表1を見ておわかりの通り、J氏はベテランアナリストと正反対の調査結果を提出した。当該企業の社長は若手の野心的経営者で、J氏は彼の言葉に大きく感化されてしまった。時を同じくしてJ氏の評判が徐々に社内で上がってきた。J氏は経験の少なさを忘れ、自信がみなぎるのを感じ、この銘柄の買い推奨を出したのである。

表1
またあるとき、会社の株式営業部の友人から、この銘柄を投資家に売り込みたいのでその支援材料になるレポートを書いてほしいと依頼されていた。営業成績への貢献がボーナスに響くことからも、「買い」推奨を出すインセンティブがJ氏にはあった。結果として、経営者への憧れとボーナスへのインセンティブ、そして自分の能力への過信が重なって、この株は上がると思い込んでしまったのである。

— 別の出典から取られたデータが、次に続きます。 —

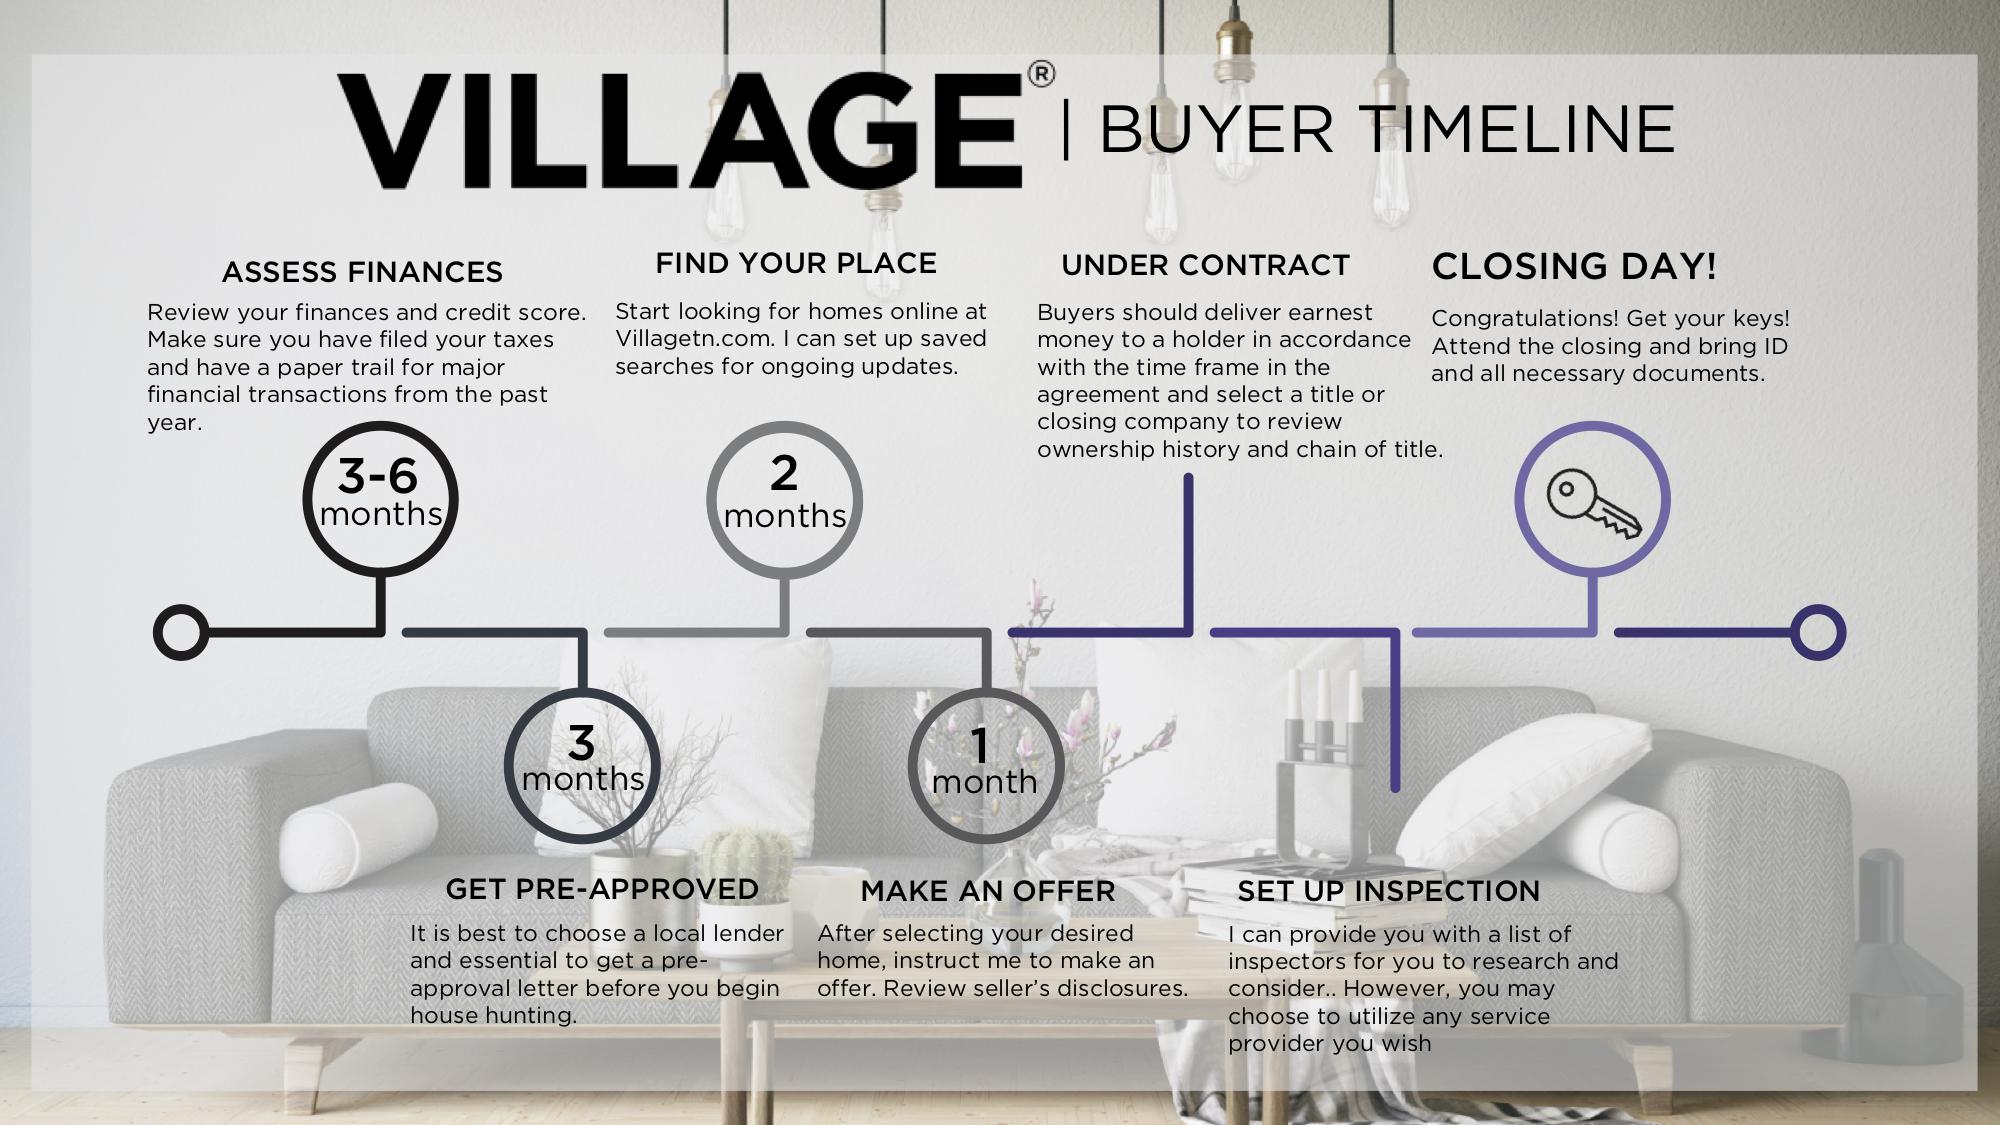 Buyer Timeline

ところが、翌月この企業は倒産してしまった。ベテランアナリストの指摘にあった通り、盤石な収益源を持たないまま財テクに依存してきた経営に無理が生じたのだ。市場の過熱感も最高潮に達していたため債権の焦げ付きを懸念した銀行が、融資の引き揚げか金利の引き上げのどちらかを選択するように経営陣に打診し、結果として融資が引き揚げられたのだ。そしてたちどころに資金繰りが悪化して手形の不渡りが発生してしまったのであった。
温厚な上司のおかげでJ氏は幸いにもアナリストの職を解かれずに済んだものの、ベテランアナリストと自分の力量の差を痛烈に感じた、と後日語っていた。
このようなコントロールイリュージョンにまつわる失敗談は、それこそ枚挙に暇がない。かつて市場関係者を震撼させたエンロンの破綻前夜、大手証券会社のアナリストはこぞって、「これからはエンロンの時代」ともてはやしていた。
コントロールイリュージョンは情報が限定的な場合や「専門家」と称される職種ほど大きな影響を与えがちである。その意味では、アナリストの収益予想には常に主観的バイアスがかかっていると考えたほうがよいかもしれない。
こうした問題に対処するには、客観的に自分の考えを見直すしかない。そして、それは意外と簡単なことかもしれない。たとえば、新聞記事の中から自分の意思決定に関わるコメントを探す、あるいは、自分よりも経験を積んだ先輩のアドバイスを参考にしたり、第三者の見解を自分の中に取り入れ、それを分析することなど、少しの注意で抜け出すことは可能な場合もある。常に、自分の論理展開を客観的に振り返り、他者の意見を取り入れることで、失敗のストレスを軽減させることができるのだ。